===== RAW DATA

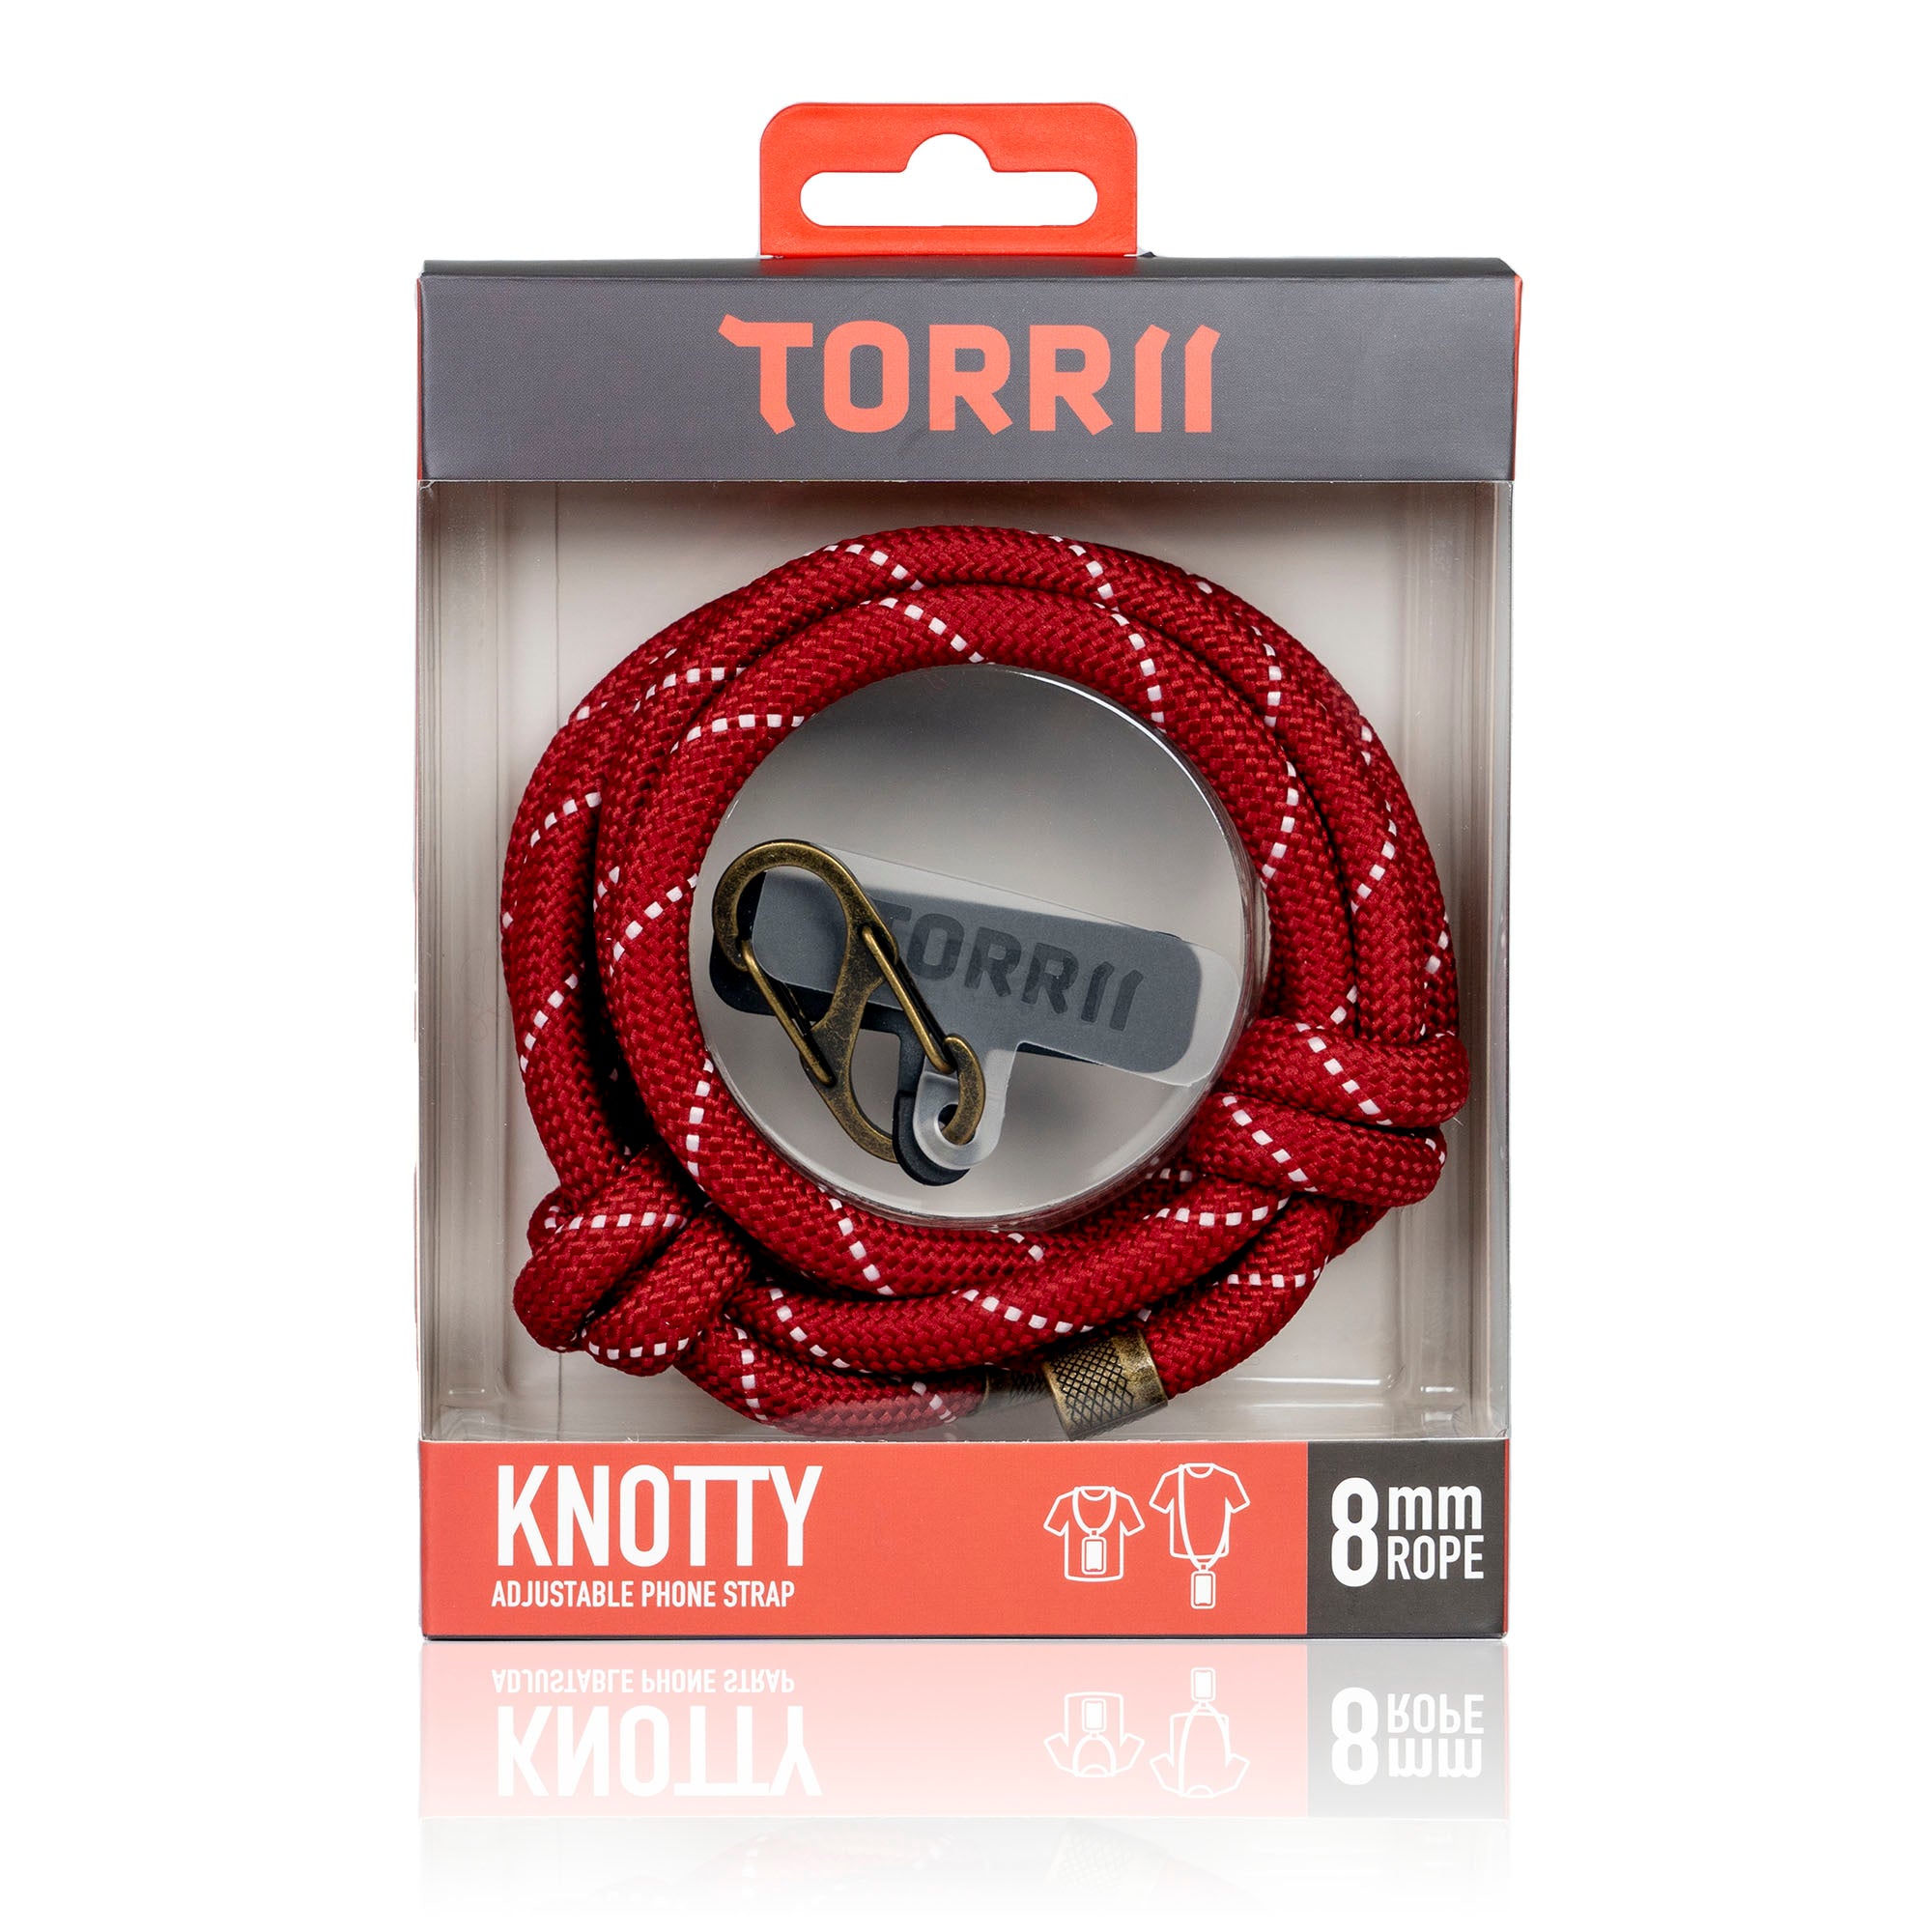 Torrii Knotty 8mm Strap - Raspberry
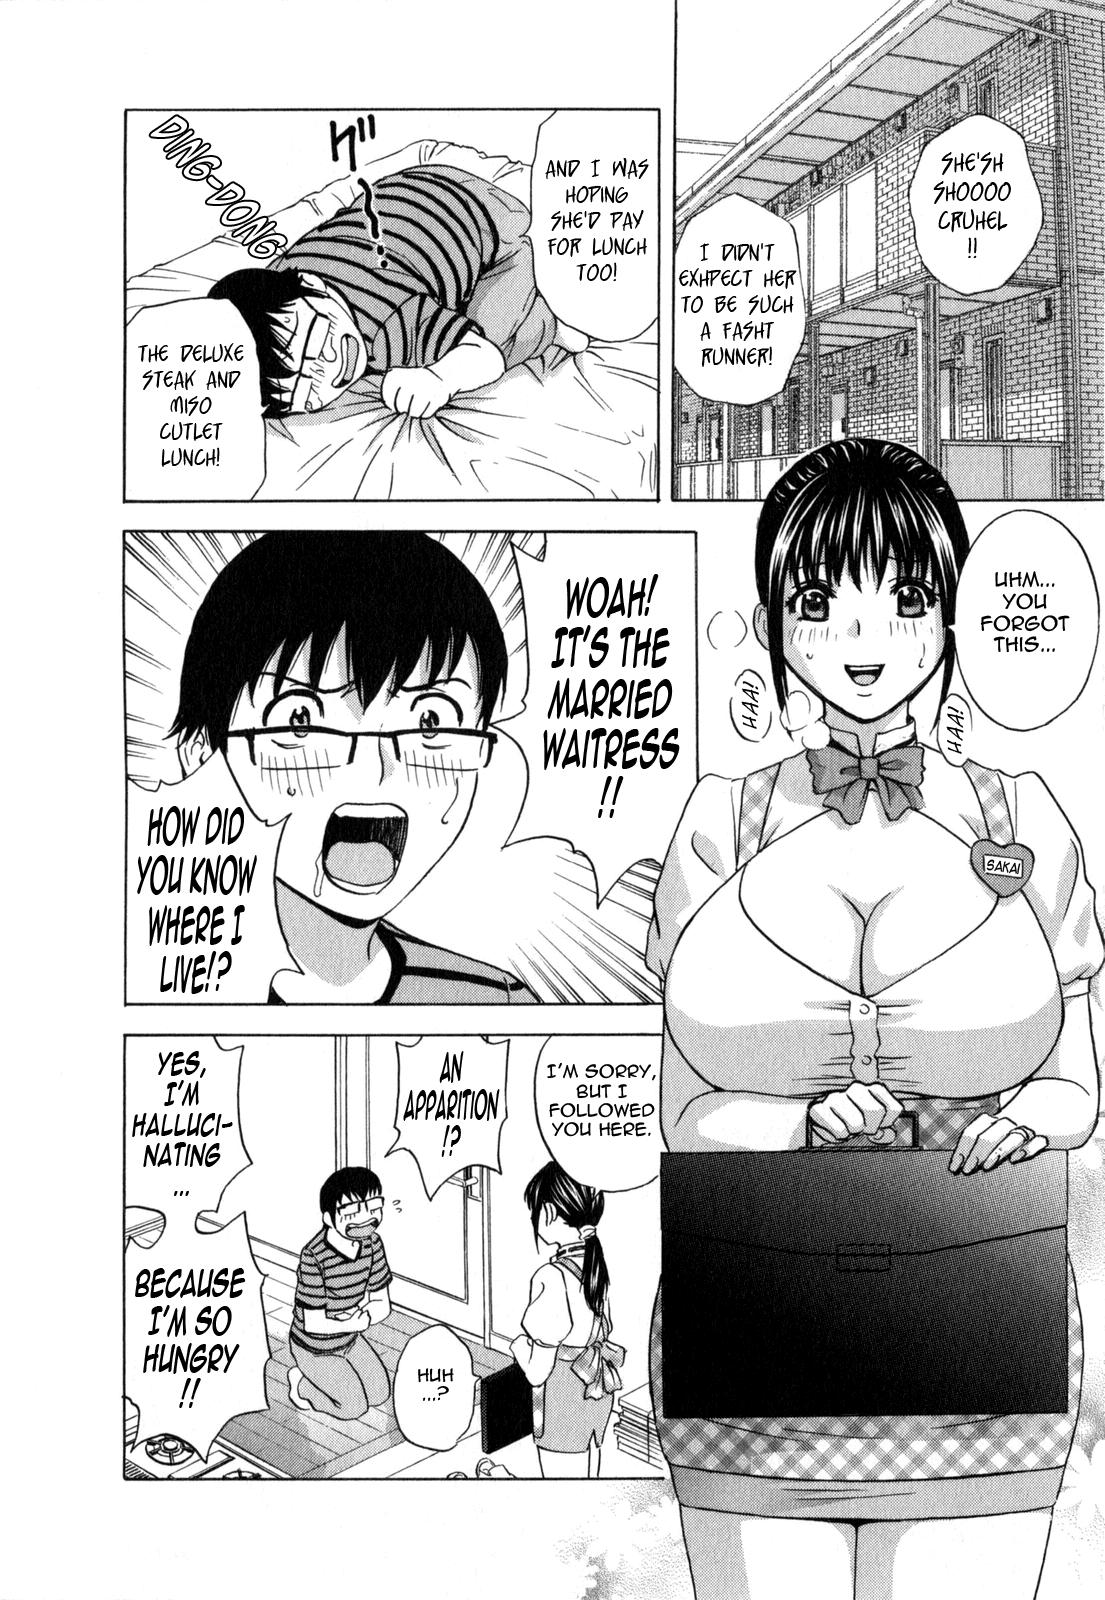 [Hidemaru] Life with Married Women Just Like a Manga 2 - Ch. 1-8 [English] {Tadanohito} 112
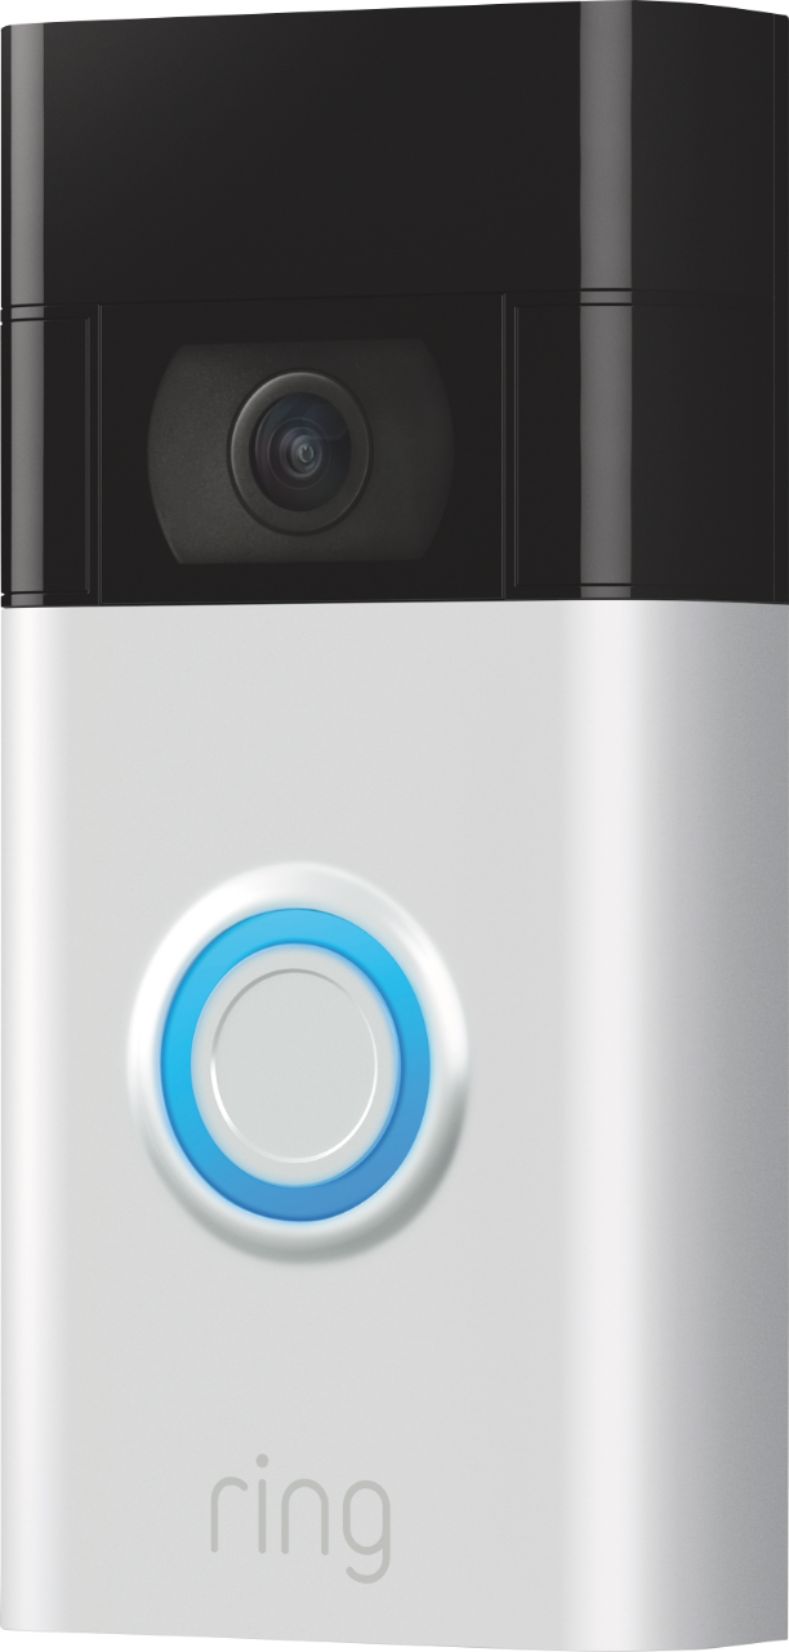 Shop  Echo Dot (3rd Gen) - Charcoal + Ring Video Doorbell

==========

WHAT YOU SHOULD DO ▸ Word for word, restate every line of the listing, omitting the pictures.

RESULT BELOW ▸
 Torrii Knotty 8mm Strap - Raspberry
 [Hidemaru] Life with Married Women Just Like a Manga 2 - Ch. 1-8 [English] {Tadanohito} 112
 Shop  Echo Dot (3rd Gen) - Charcoal + Ring Video Doorbell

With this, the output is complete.